Which lines run from the one containing "Komik Doraemon Episode" through the end of the data? Write them out exactly, with the pictures left out.

• Source data
━━━
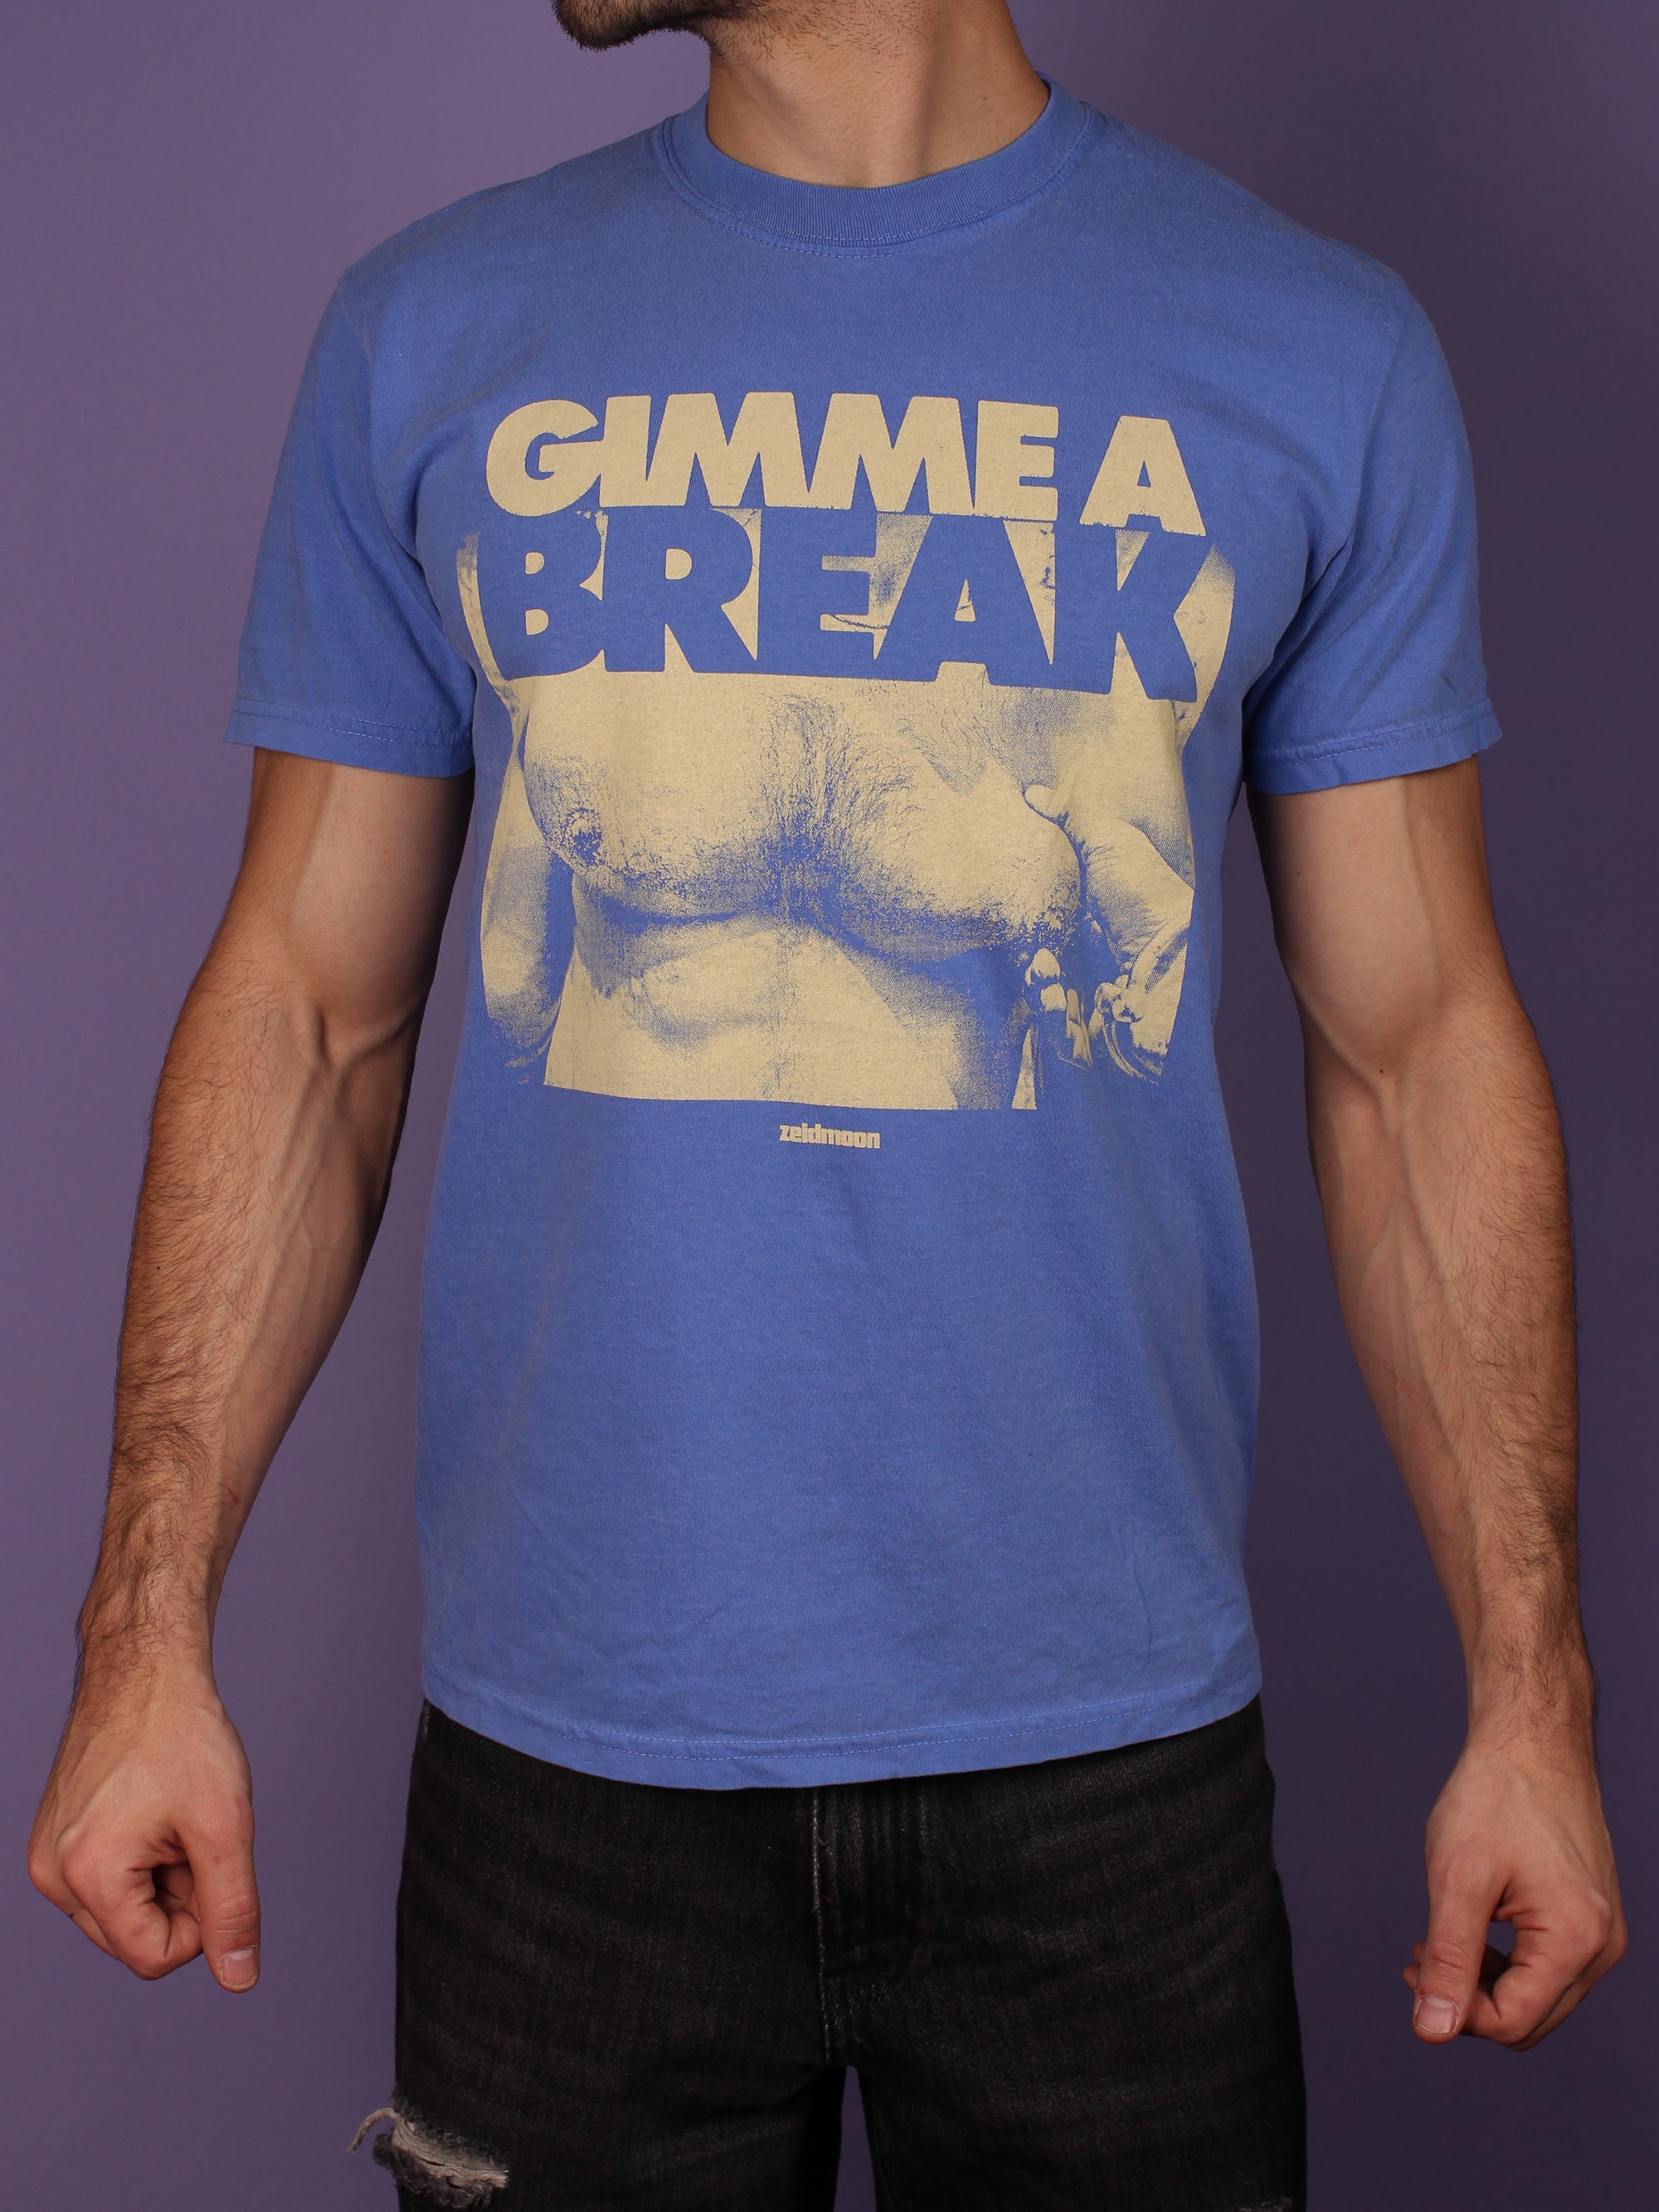 Gimme a Break - T Shirt
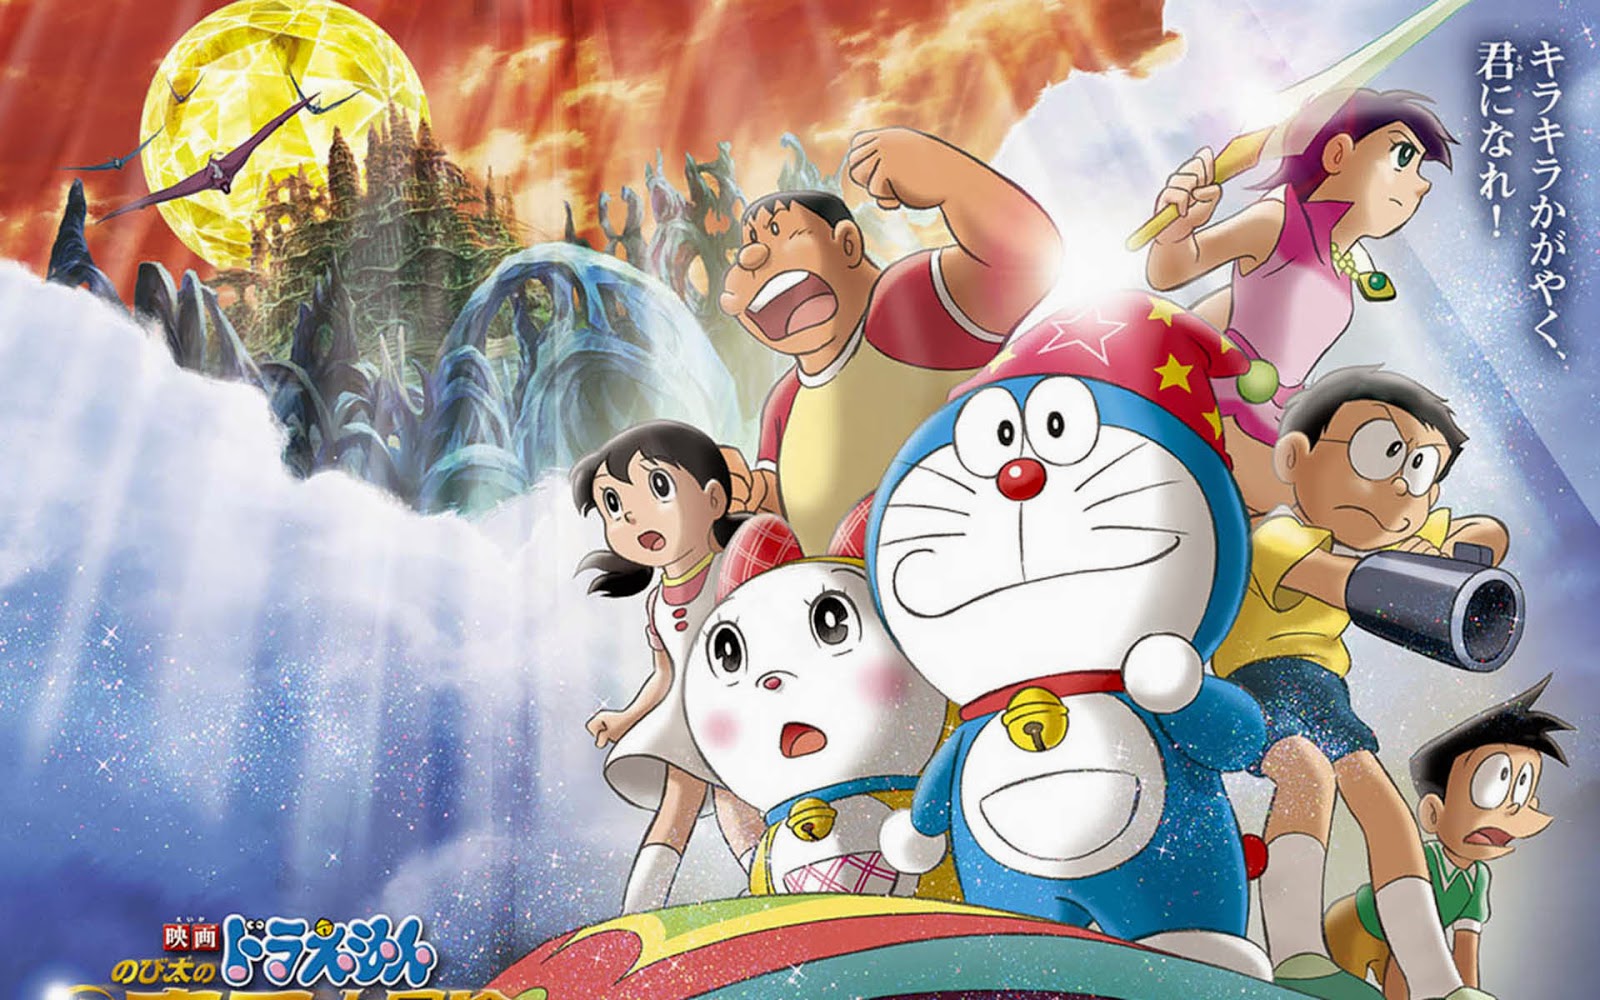 Komik Doraemon Episode Terakhir Takut Menangis Jangan Baca Dunia
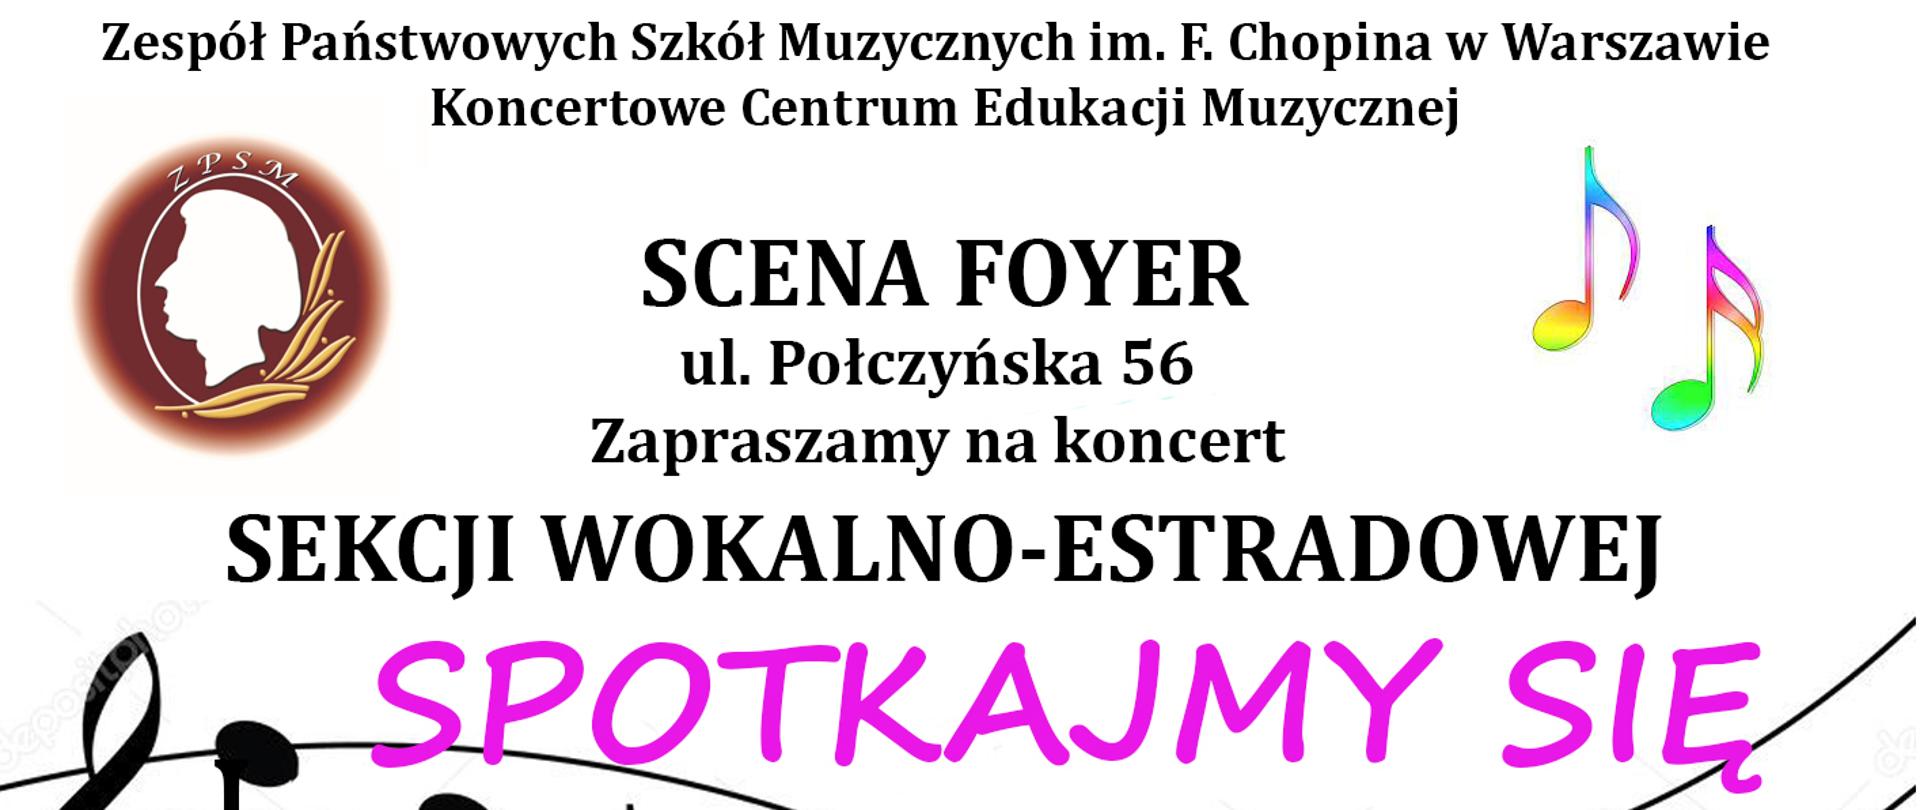 Afisz koncertu Sekcji Wokalno-Estradowej - Na jasnym tle logo Szkoły oraz napisy: ZPSM im. F. Chopina w Warszawie, "Spotkajmy się na Scenie Foyer, 21.112022, godz. 18.00"
━━━
• Solution to this task
 Komik Doraemon Episode Terakhir Takut Menangis Jangan Baca Dunia
 Afisz koncertu Sekcji Wokalno-Estradowej - Na jasnym tle logo Szkoły oraz napisy: ZPSM im. F. Chopina w Warszawie, "Spotkajmy się na Scenie Foyer, 21.112022, godz. 18.00"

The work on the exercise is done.